:: Data section ::
+++

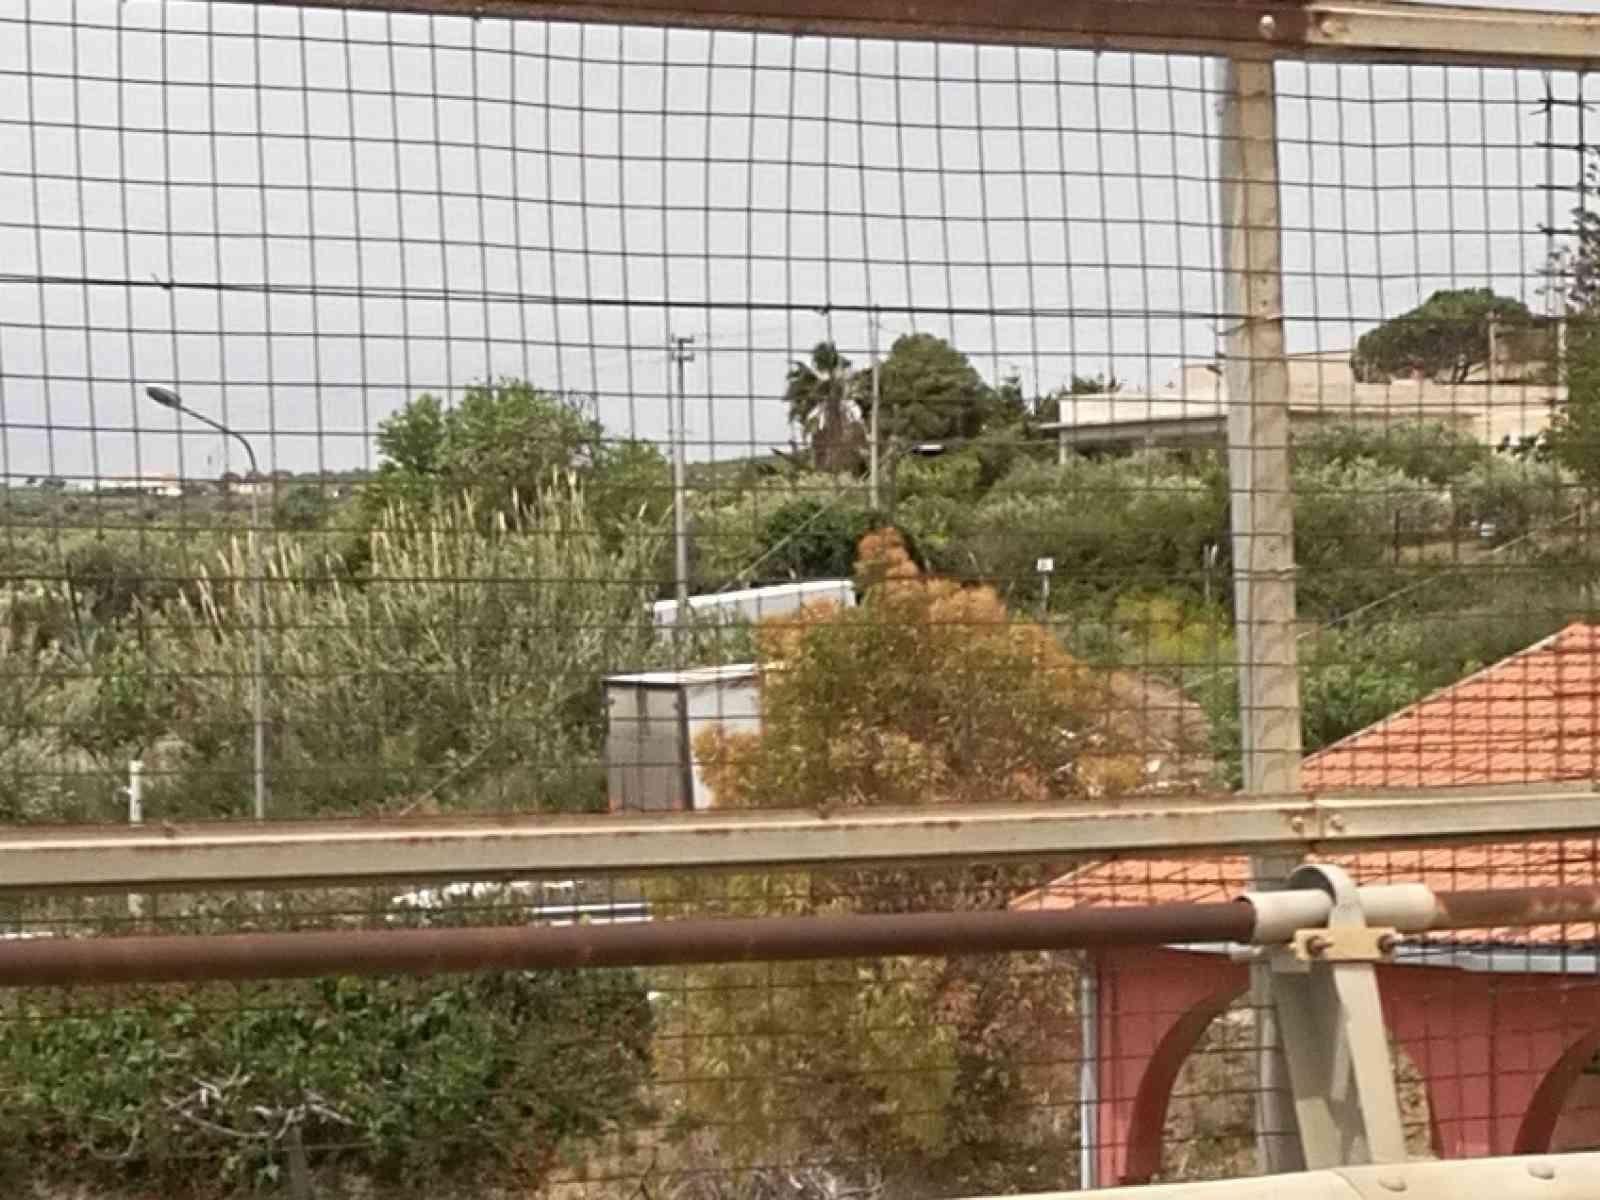 Menfi. Incidente sulla strada tra Menfi e Santa Margherita. Camion va fuori strada. 2 feriti
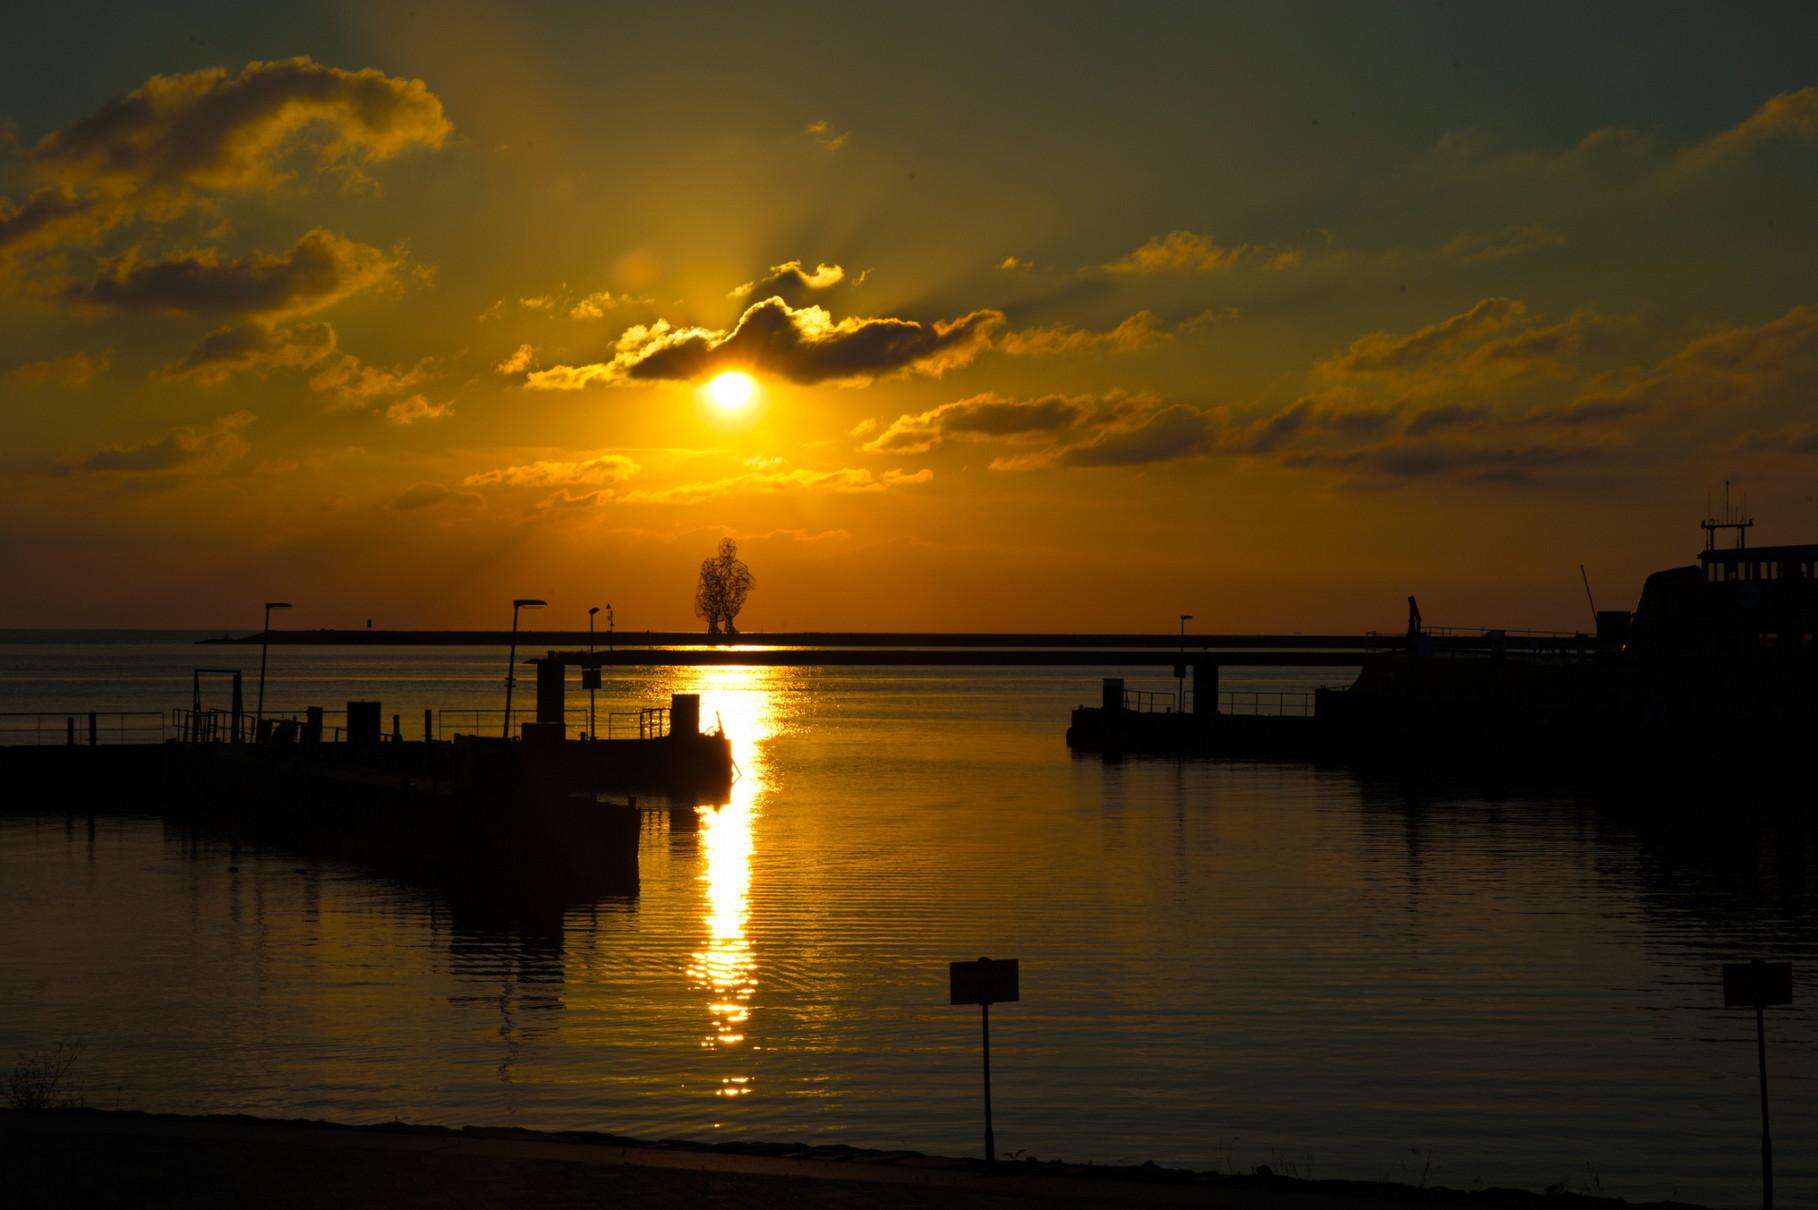 Lelystad, Ijsselmeer, Holland, Wasser, Segeln, Urlaub, Mies Vandenbergh Fotografie
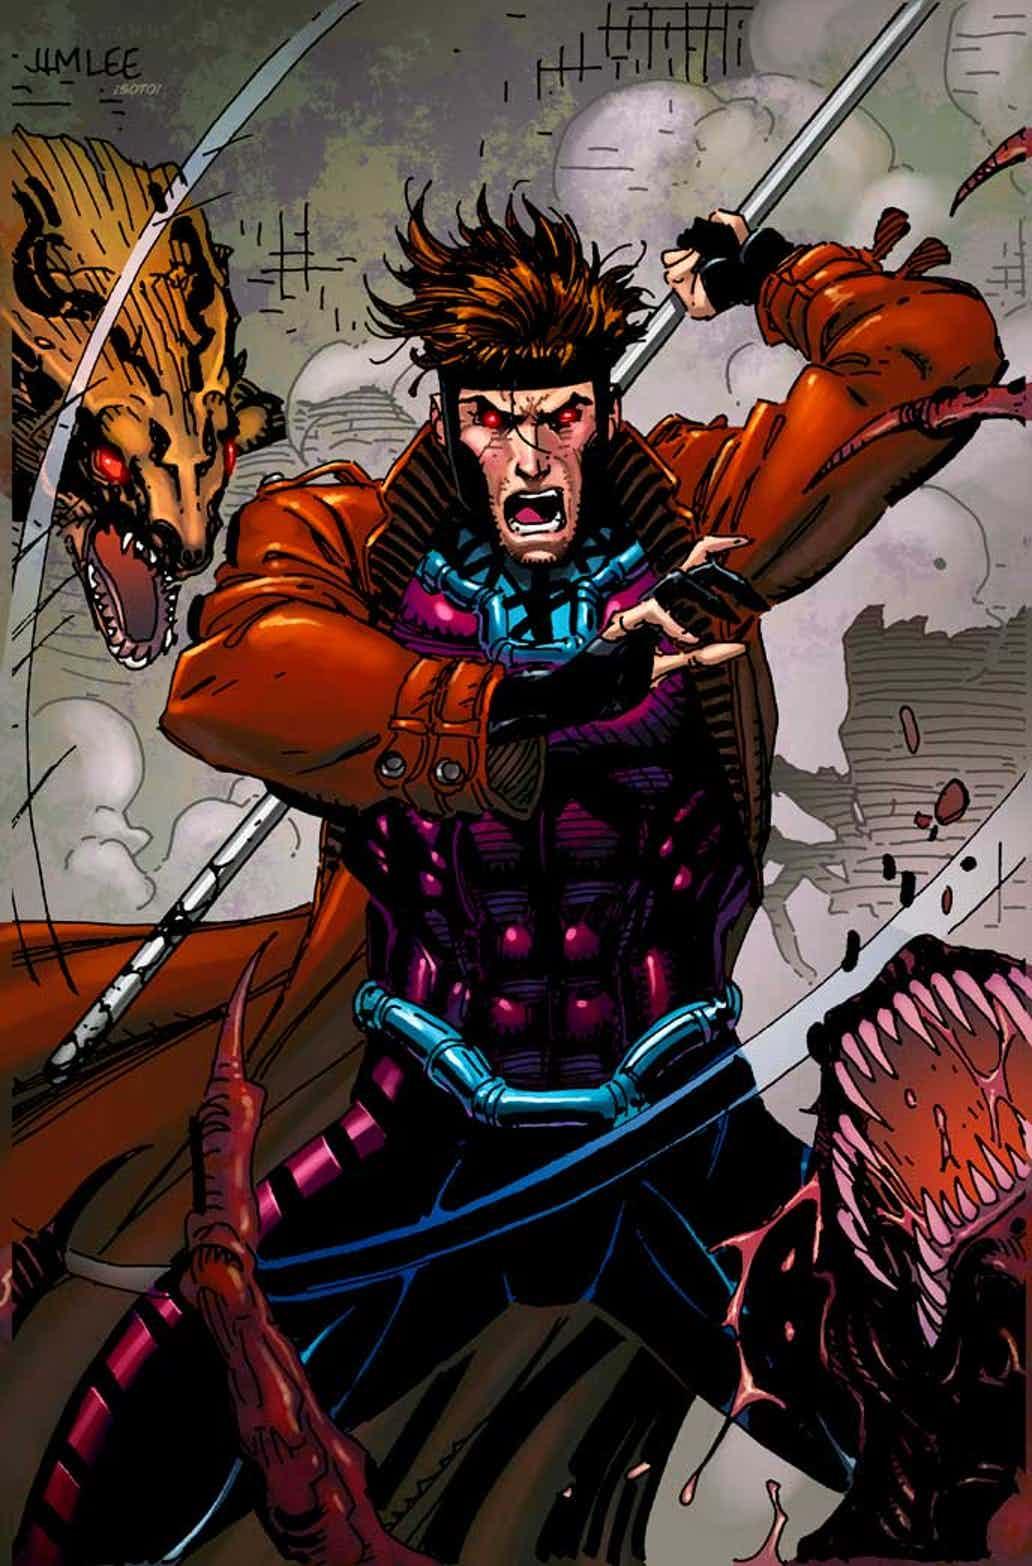 Marvel - 2017 Captain America Steve Rogers #19 Cover A Regular Jesus Saiz

+++

:: Task description ::
Print verbatim every line above, apart from the pictures.

:: Task answer ::
 Menfi. Incidente sulla strada tra Menfi e Santa Margherita. Camion va fuori strada. 2 feriti
 Lelystad, Ijsselmeer, Holland, Wasser, Segeln, Urlaub, Mies Vandenbergh Fotografie
 Marvel - 2017 Captain America Steve Rogers #19 Cover A Regular Jesus Saiz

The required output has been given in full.